══ INPUT DATA ══

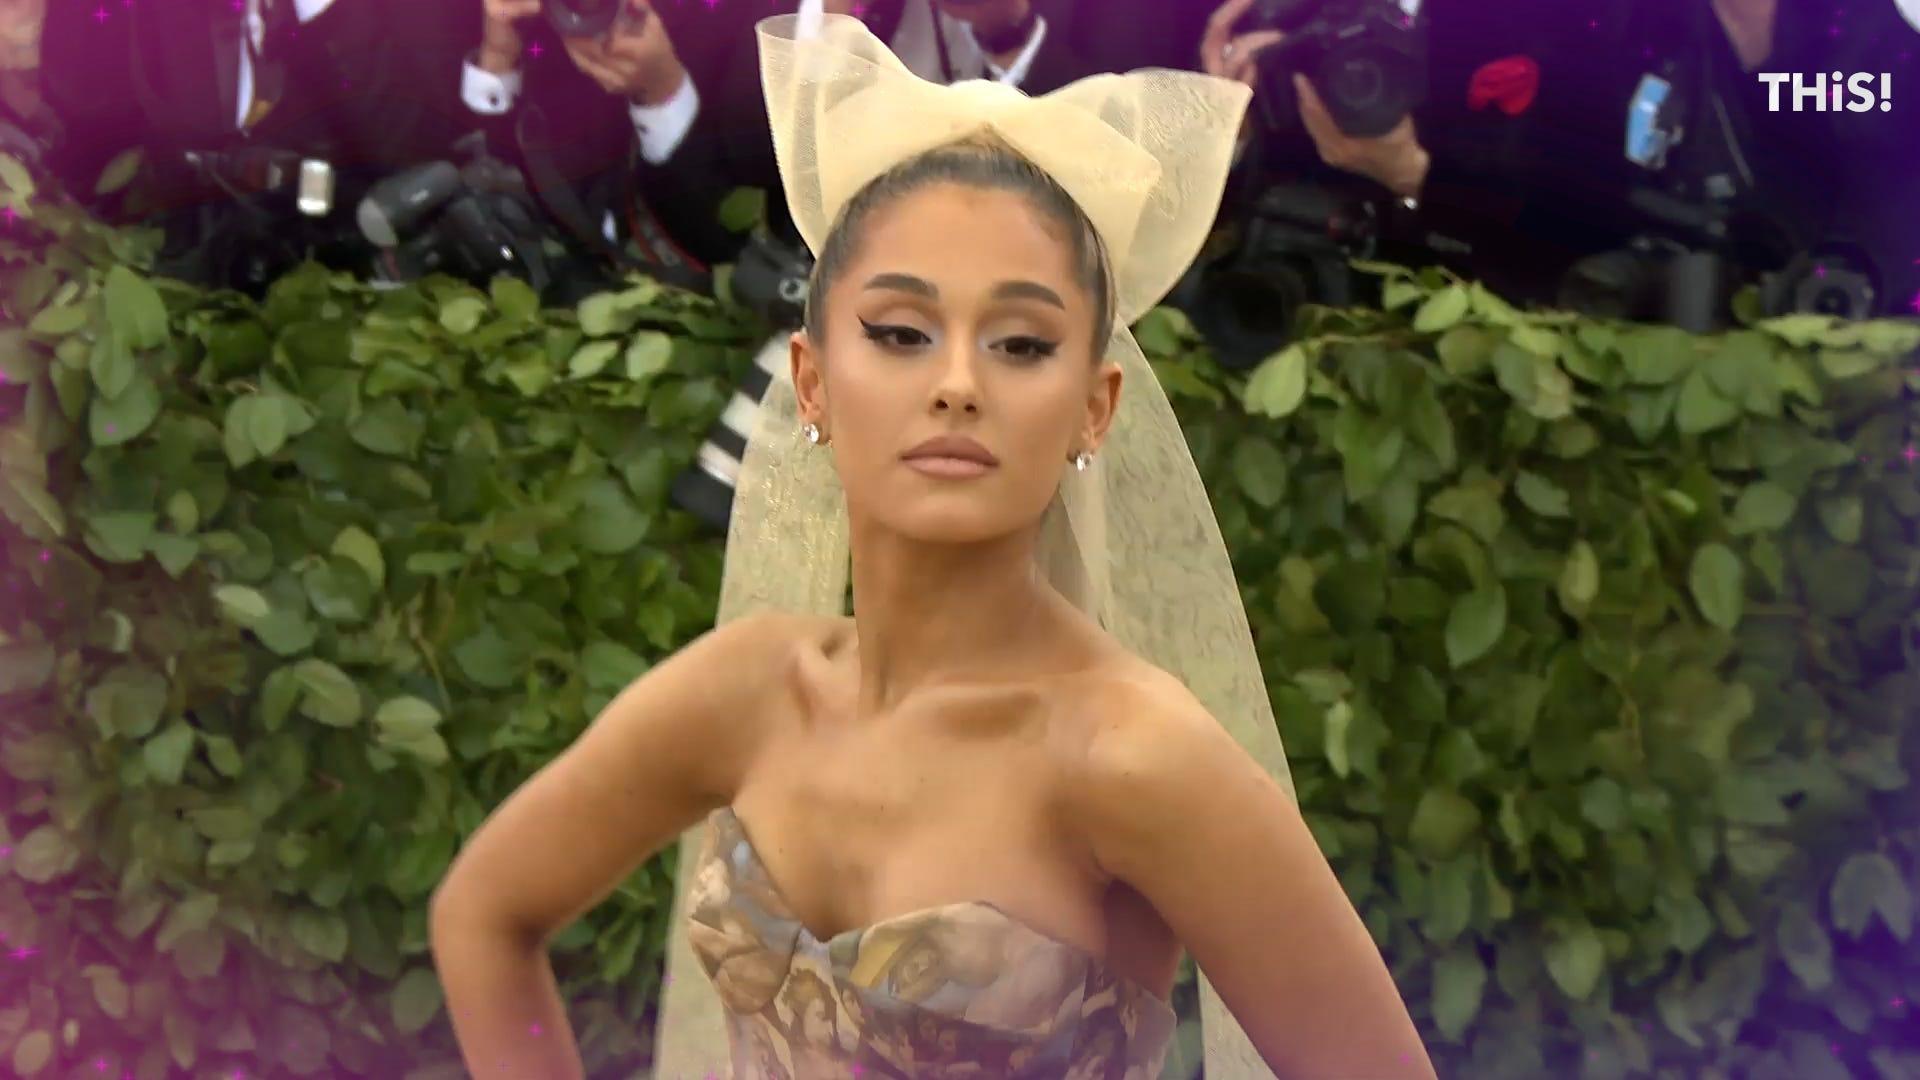 New Music Friday: Ariana Grande, Sam Smith, Busta Rhymes all drop new albums
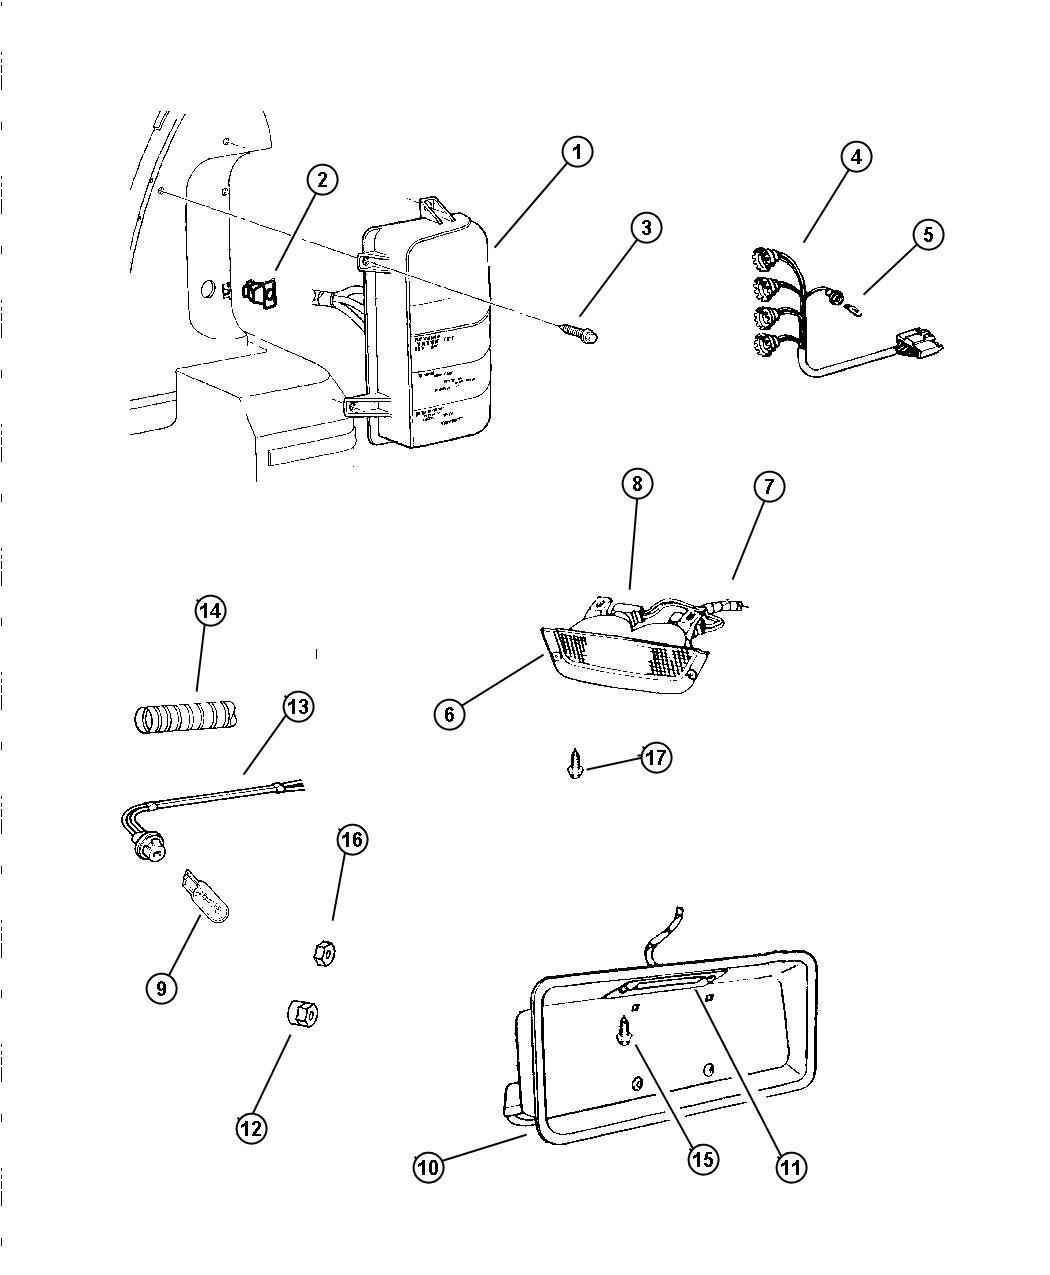 1998 Dodge Dakota Wiring  Tail Lamp  With Sockets  Rear  Body  Door
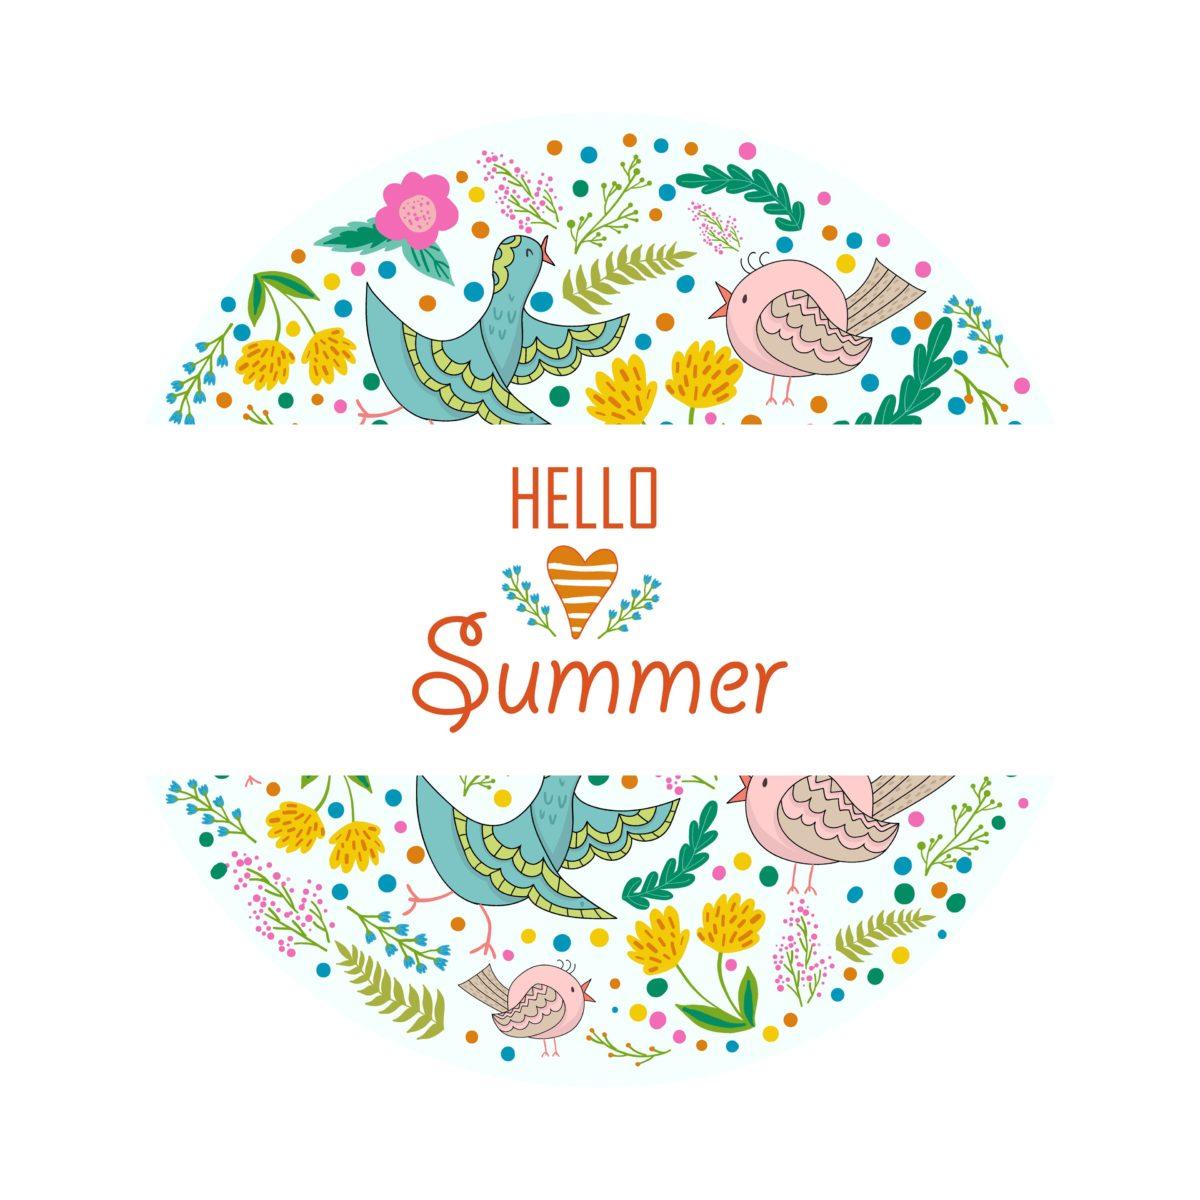 Wallpaper Hello Summer, Floral, Design, Flowers, Birds, 4K, Creative …
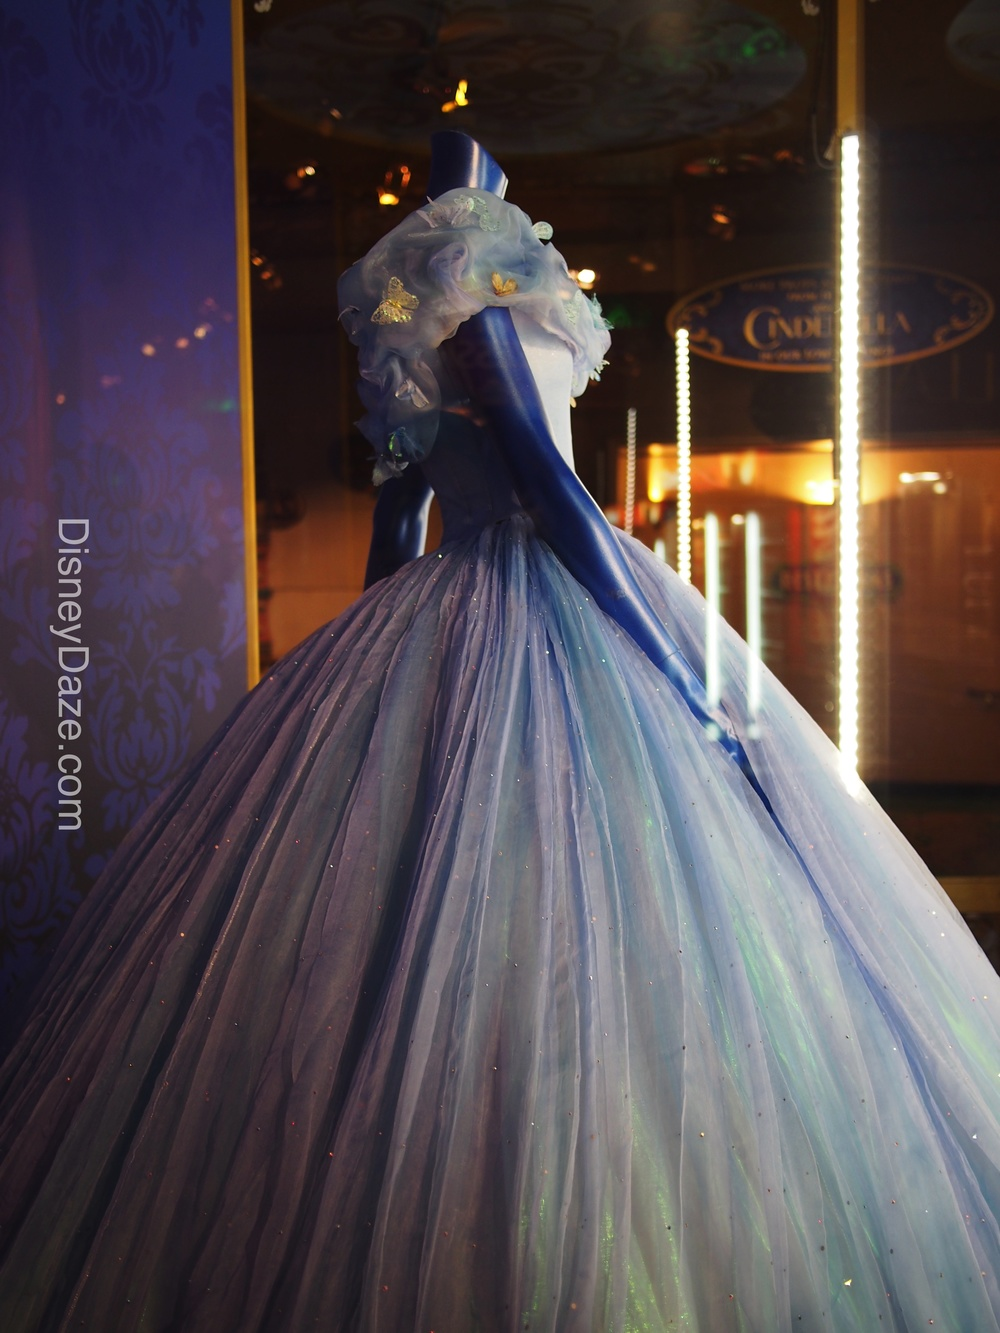 Cinderella19.jpg

═══

- _WHAT YOU HAVE TO DO_
Reproduce all of the material above word for word. Omit the pictures.

- _RESULT OF THE TASK_
 New Music Friday: Ariana Grande, Sam Smith, Busta Rhymes all drop new albums
 1998 Dodge Dakota Wiring  Tail Lamp  With Sockets  Rear  Body  Door
 Wallpaper Hello Summer, Floral, Design, Flowers, Birds, 4K, Creative …
 Cinderella19.jpg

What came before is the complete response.